Ближайшие окрестности звездолёта были уже тщательно осмотрены, и холодильники приняли на хранение обширные коллекции образцов фауны и флоры острова. Звездоплаватели освоились с коварным нравом обитателей планеты, и эпизод, едва не ставший трагическим, больше не повторился.
С каждым днём опасность пребывания на берегу уменьшалась. Чем выше поднималось над горизонтом невидимое Солнце, тем заметнее замирала жизнь. Всё медленнее шевелились «лианы», «ленты» и «актинии». Нужно было подойти к ним вплотную, чтобы вызвать ответное движение, которое с каждым часом становилось всё более и более вялым. Природа засыпала на глазах. Частые ливни уже не вызывали оживления, как это было ранним утром. Учёные смелее и дальше проникали в дебри «леса».
По-прежнему приходилось опасаться гроз, но благодаря Топоркову и эта опасность почти перестала угрожать. Занимаясь исследованием электрических свойств грозовых фронтов, Игорь Дмитриевич заметил, что ионизация воздуха, которая особенно его интересовала в связи с тем, что могла помочь раскрыть тайну радиоэха, возникает задолго до грозы и постепенно возрастает по мере её приближения. Это натолкнуло его на мысль использовать ионизацию как своеобразный предсказатель погоды. С помощью Зайцева он сконструировал и изготовил простой прибор – электрический барометр, который минут за пятнадцать с большой точностью предупреждал о приближении грозового фронта.
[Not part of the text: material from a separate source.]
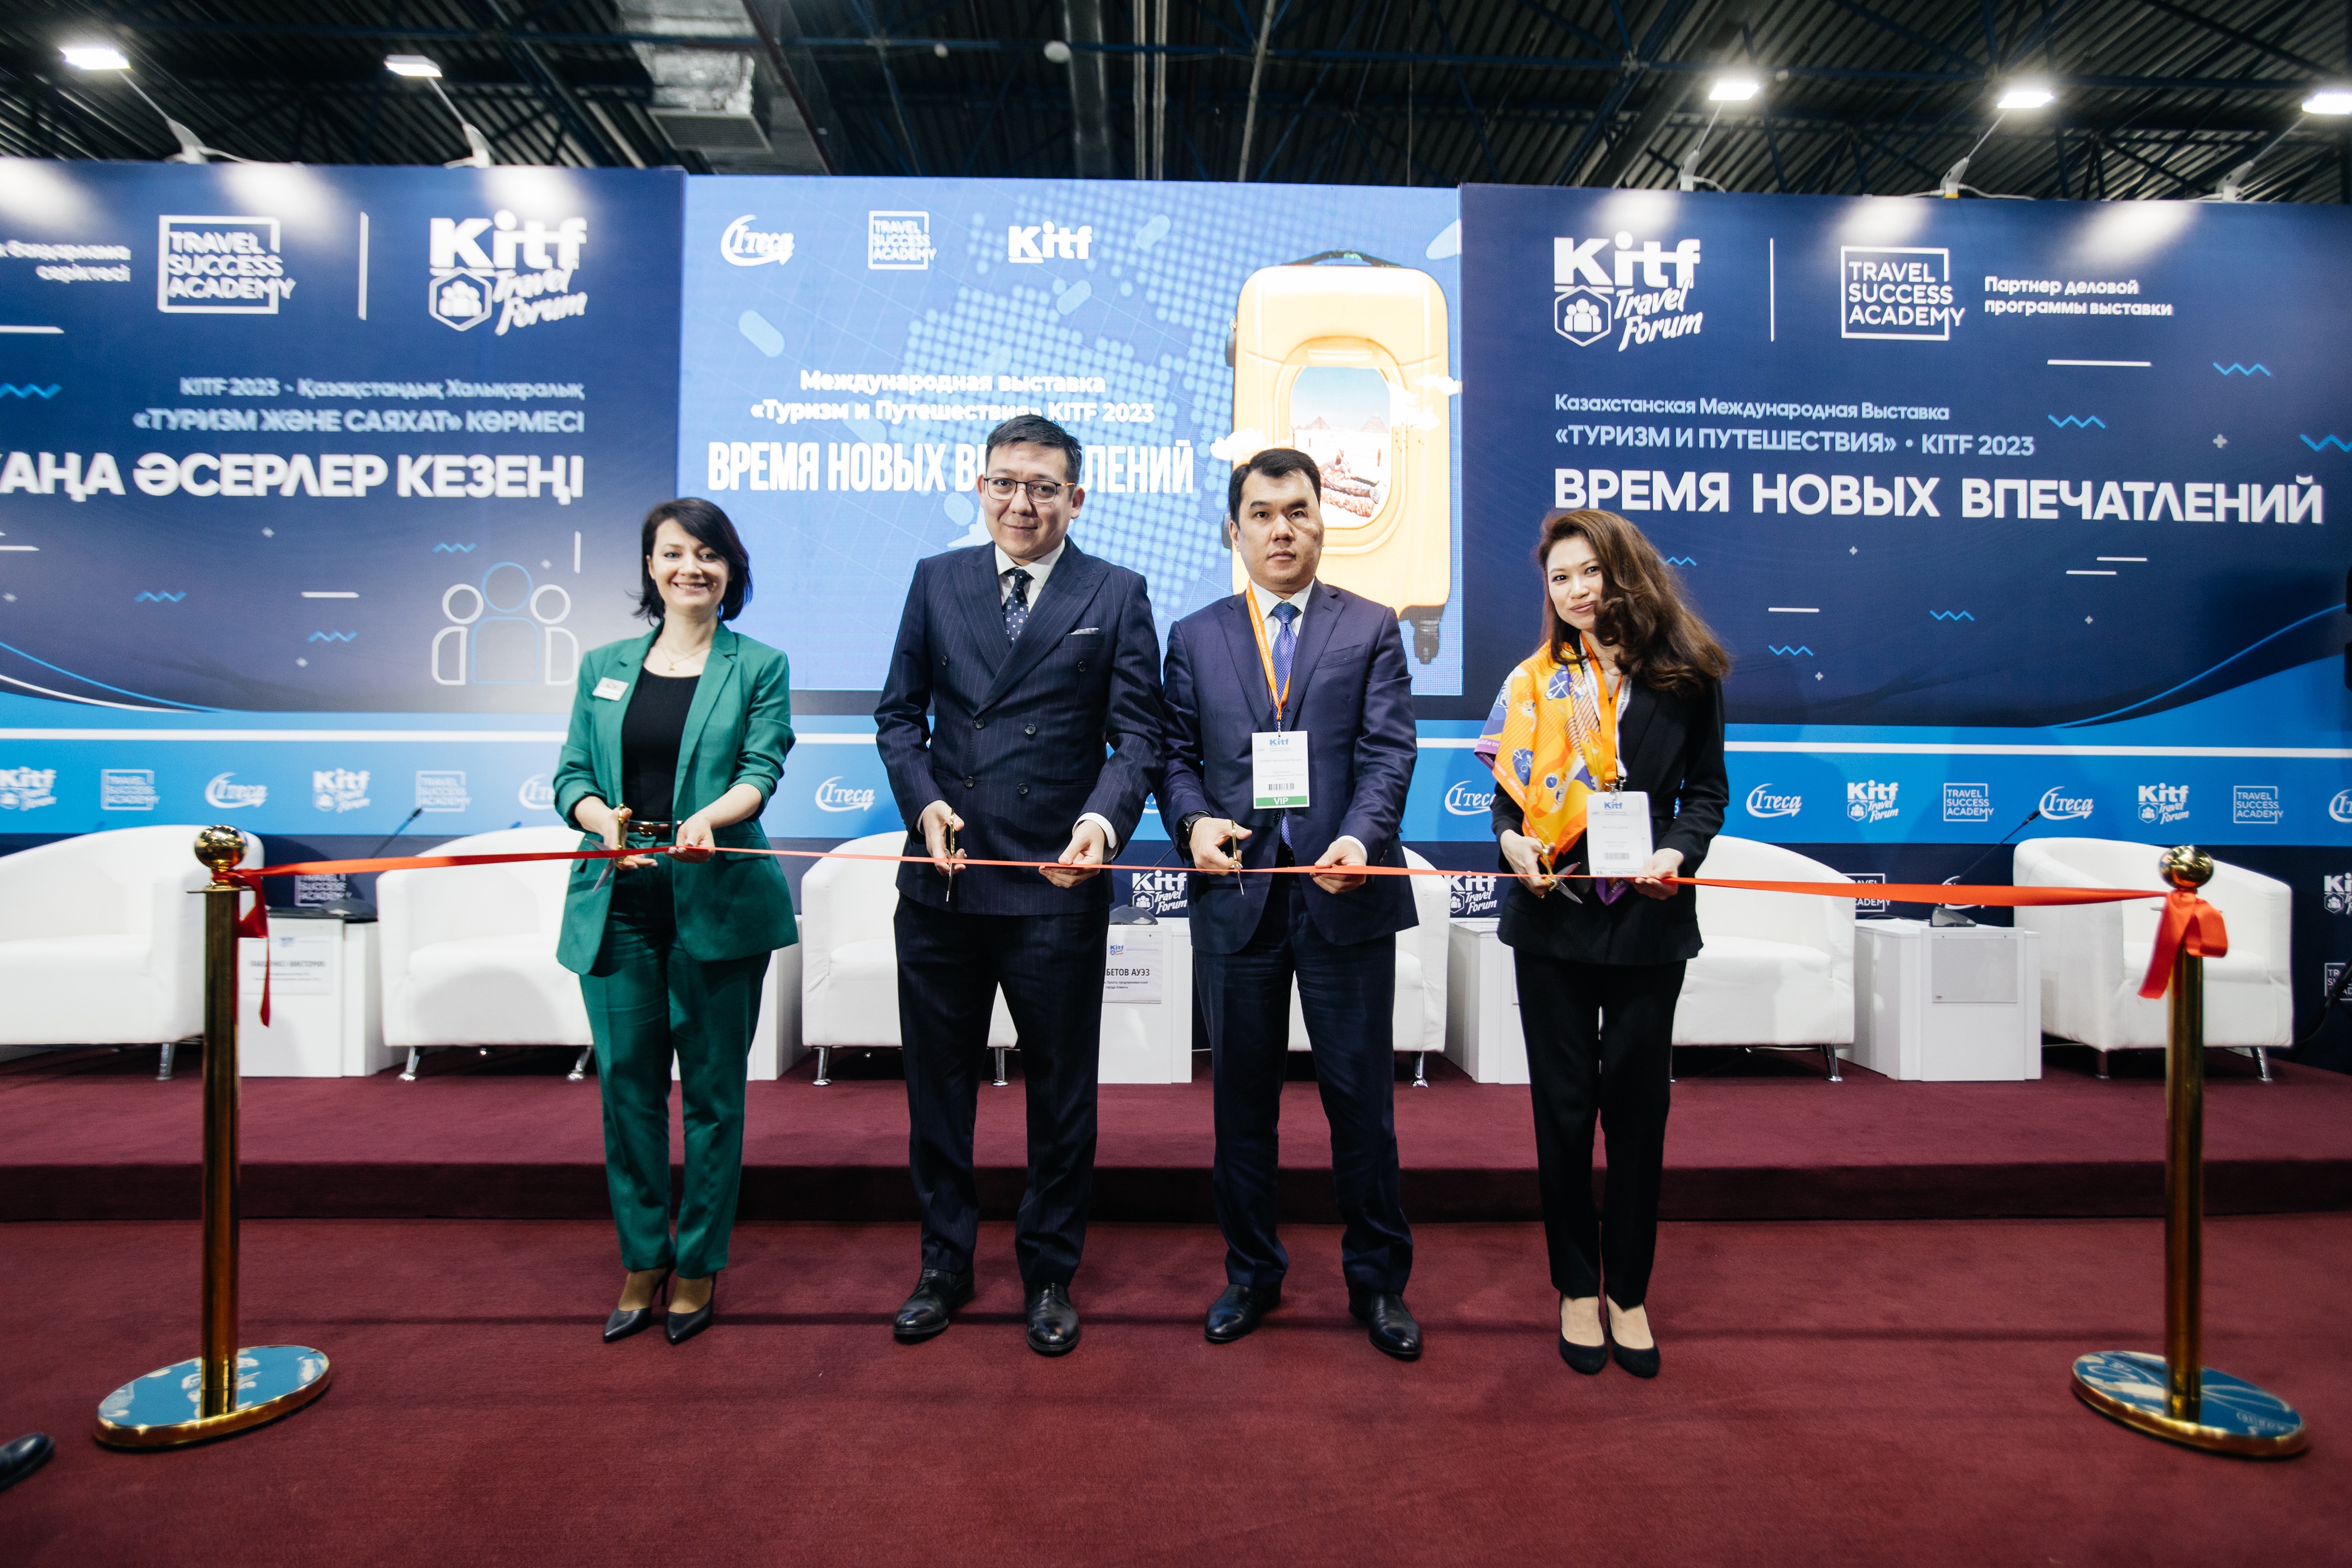 Открываем мир на KITF 2023: в Алматы открылась крупнейшая выставка туризма

Такой предсказатель невозможно было переоценить. Он буквально развязал учёным руки.
Белопольский немедленно распорядился изготовить несколько таких барометров, и они были установлены на пульте управления, в радиорубке и в выходных камерах.
Теперь звездоплаватели всегда знали о приближении грозы. Как только барометр начинал показывать повышение ионизации, с корабля давали предупреждающий сигнал, и все бывшие на берегу спешили укрыться в выходной камере.
Страшный ливень ни разу никого не захватил вне звездолёта.
Температура наружного воздуха неуклонно повышалась. На пятые сутки термометр показал плюс семьдесят градусов. Лёгкая дымка, поднимавшаяся от воды, постепенно превращалась в туман. Звездоплаватели были вынуждены одеться в охлаждающие костюмы.
Интересно отметить, что лёгкостью и простотой устройства эти костюмы были обязаны наличию на Венере большого количества углекислого газа. Именно он служил хладагентом. Понижение температуры внутри костюма достигалось компрессионным методом от испарения углекислоты. Конечно, если бы техника не знала ещё полупроводниковых батарей, дающих значительное количество электроэнергии при малом объёме, устройство компрессорной установки, могущей уместиться в небольшом наспинном ранце, было бы невозможно. Но достижения науки всегда тесно связаны с уровнем техники.
Белопольский торопил с устройством аэродрома, желая осмотреть остров сверху и попытаться разыскать континент. На берегу острова были обнаружены явственные следы высокого прилива, и это, по мнению Баландина, служило доказательством близости материка. В открытом океане, вдали от других берегов, прилив не мог быть таким высоким.
Устройством площадки занимались Пайчадзе, Второв, Романов и Князев, – под руководством Зайцева.
Взлётным полем мог служить залив; реактивные самолёты, имевшиеся на борту «СССР-КС3», все были гидросамолётами, но возникая вопрос, где их собирать, а главное – держать? На воде первый же грозовой фронт разломал бы крылья аппаратов. Решили построить защищённый ангар и снабдить его приспособлением для спуска самолёта на воду и обратного подъёма после возвращения из полёта.
Это было тяжёлой задачей, учитывая высоту обрыва и обилие «кустов»-губок и коралловых «деревьев». Но упорство и изобретательность победили.
Пламенем огнемётов и мощными ультразвуковыми аппаратами уничтожили всё, что было на берегу на пространстве трёхсот квадратных метров. Кусками коралловых «деревьев» засыпали многочисленные ямы. Над этой площадкой устроили крепкий навес, прикрепив его к оставленным специально для этой цели стволам. Направленные взрывы разрушили часть берега, образовав пологий склон. Когда установили электролебёдку, аэродром был готов. Оставалось перетащить сюда один из самолётов и собрать его крылья.